For companies, the practical response is not to reject charisma. It is to separate communication skill from decision quality. A proposal should become clearer when communicated well, not immune from scrutiny.
Training presence without worshipping it
The workplace implication is modest but meaningful: teams can stop treating communication presence as a fixed trait.
This is especially important for people who have the substance but not the inherited style. Many capable operators, engineers, founders and analysts lose influence because they explain things in the order they discovered them, not in the order others need to hear them. They bury the contrast. They skip the story. They assume the evidence will carry itself.
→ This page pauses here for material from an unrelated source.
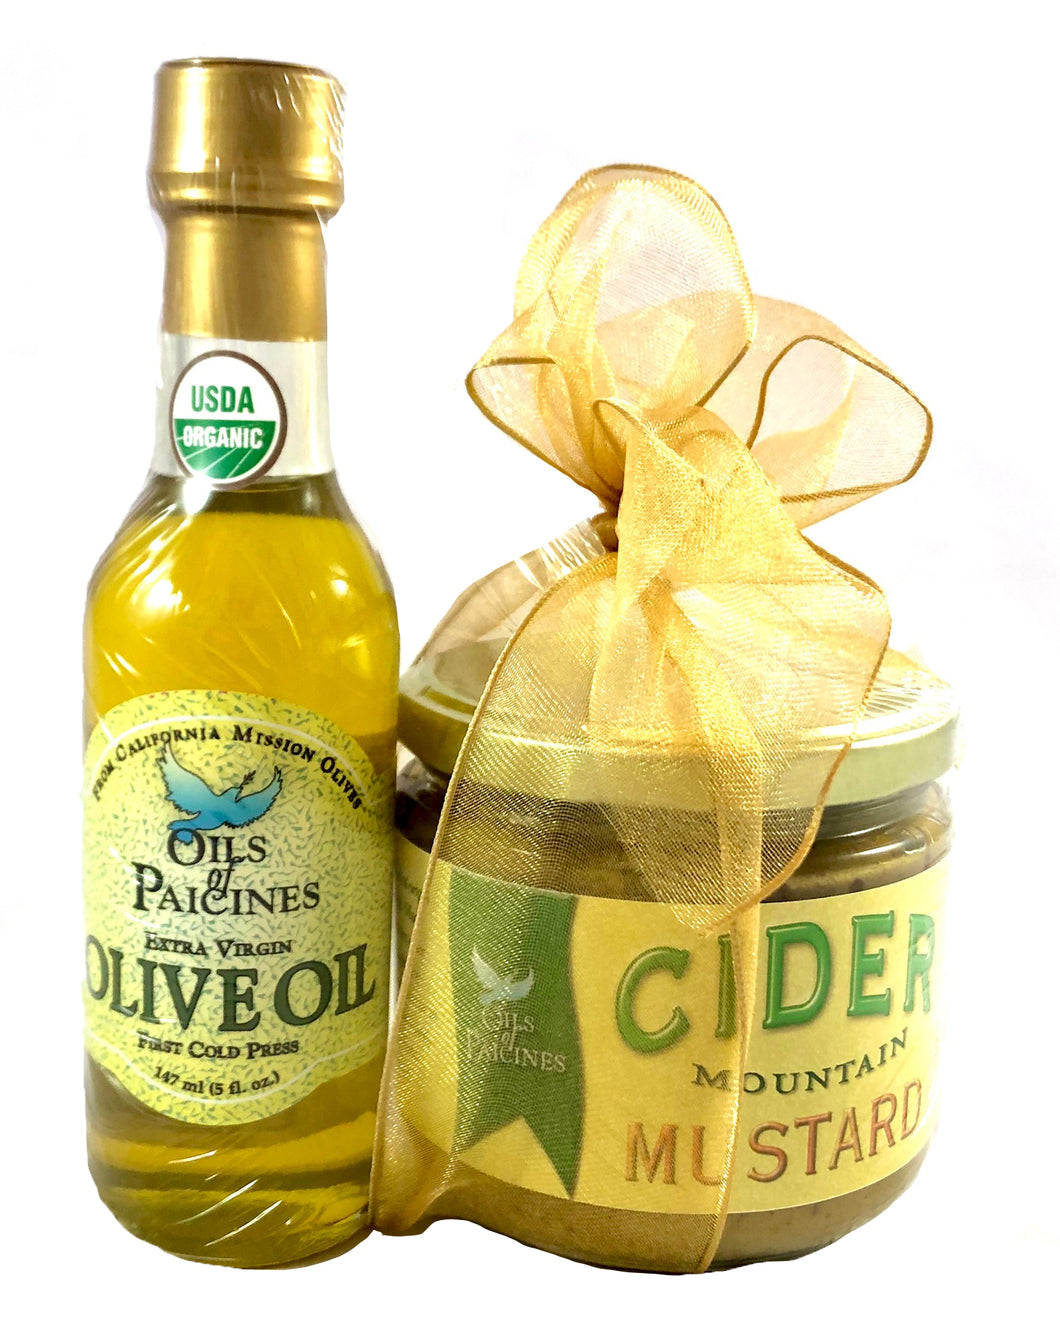 Gourmet Mustard/Organic Olive Oil Gift Set - Choice of 3 Mustard Flavors

Training charisma, in this sense, is not about becoming louder. It is about becoming more legible. It is learning how to give an idea structure, emotional weight and a memorable form.
A good metaphor can reduce cognitive load. A concrete story can make an abstract risk visible. A contrast can show why a choice matters. A three-part list can give listeners a map. A visible expression of confidence can help people understand that the speaker is not merely reporting a preference, but taking responsibility for a direction.
None of this makes truth optional. In fact, the more persuasive the speaker, the greater the obligation to stay honest. Charisma is not a substitute for evidence. It is a delivery system, and delivery systems can carry useful medicine or empty promises.
The quieter lesson
The Antonakis study is often summarised as evidence that charisma can be taught. That is true, as far as it goes. But the quieter lesson may be better for work: presence is not one thing.
It is a bundle of behaviours. Some are verbal. Some are physical. Some are structural. Some are ethical. A person can improve parts of that bundle without pretending to become someone else.
That is a humane finding. It gives less power to the myth of the born magnetic leader and more power to practice. Charisma may still feel effortless when we see it from the outside. The research suggests that some of that effortlessness can be built, one deliberate behaviour at a time.